Страница 22 из 81
– Вон отсюда! – орет он, вовсю размахивая руками. – Я так и зная! Я давно должен был тебя почуять…
– Ну-ну, спокойно, – говорю я, заслоняя Гленду от диких жестов коренастого мужчины. – Давайте малость остынем.
– Сам остывай. А она пусть свою долбаную гадрозаврскую жопу отсюда уносит!
– Да погодите секунду, – снова начинаю я.
– Никаких разговоров! – орет Талларико. Теперь он прямо какой-то вихрь активности, весь красный, машет конечностями, отпихивая меня в сторону и толкая Гленду по комнате подобно взбесившемуся сумоисту. – Она сейчас на хрен отсюда вылетит, и чтобы я ее никогда больше не видел…
– Да что за херня? – орет в ответ Гленда. – Вы хотели, чтобы я разделась, вот я и разделась…
– И ты думала, что сможешь тихой сапой сюда пролезть…
– Чего?
– Того. Думала, сможешь тихой сапой сюда пролезть и остаться гостьей в моем доме, жить вместе с моей семьей. – Талларико пусть бочком, но продвигается еще на шаг, и его становится по-настоящему тяжело держать на безопасном расстоянии.
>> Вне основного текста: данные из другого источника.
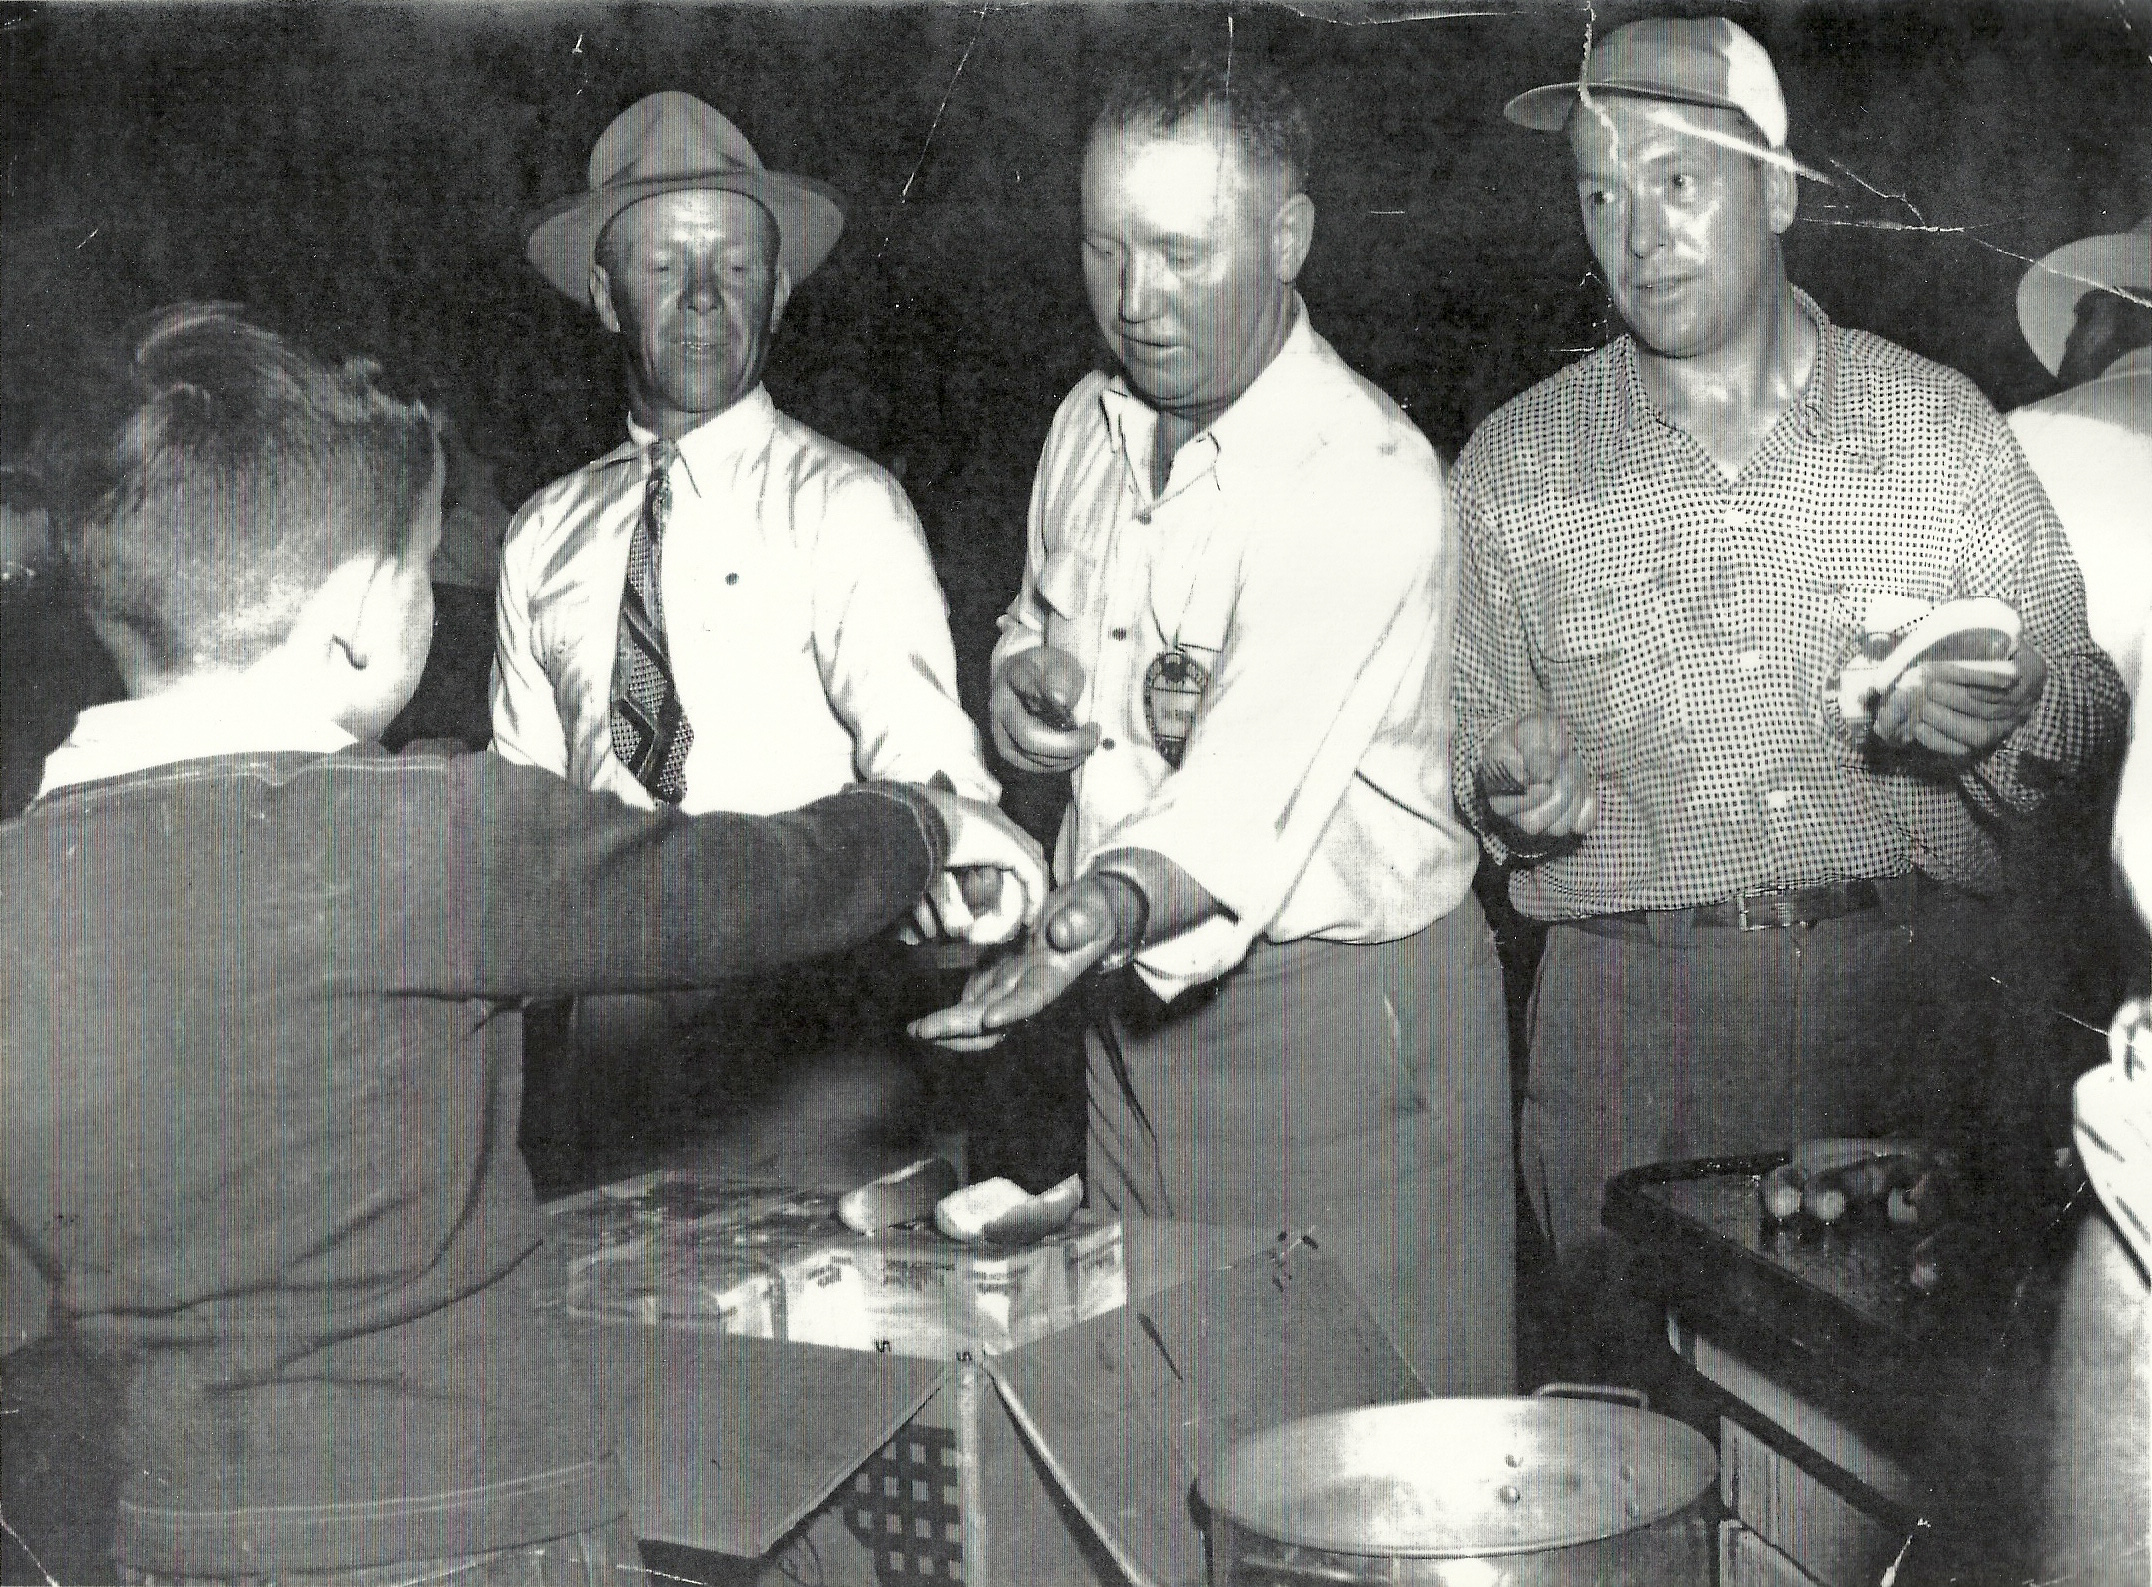  Boy serving hot dogs at an unknown event.

Почему у меня в таких случаях никогда с собой намордника не оказывается? – Решила дождаться, пока мы все сделаемся такими любезными, типа дружелюбными, а потом темной ночью выползти из кровати и всем нам глотки перерезать? Так, значит, хотела?
Гленда резко взмахивает руками и пристегивает свой хвост на место. Я вижу, как он дрожит – кончик аж слегка ходит туда-сюда от гнева.
– Сами не знаете, какую херню несете, – говорит она. – Вам бы, блин, малость гостеприимству научиться.
Как третья сторона в этой небольшой дискуссии, я чувствую себя обязанным попытаться все уладить.
– Уверен, мы сможем решить эту проблему, – говорю я. – Давайте разумно все обсудим.
– Не о чем тут болтать, – рычит Талларико. – Рапторы остаются. Все остальные – долбаные гадрозавры в особенности – на хрен отсюда выметаются.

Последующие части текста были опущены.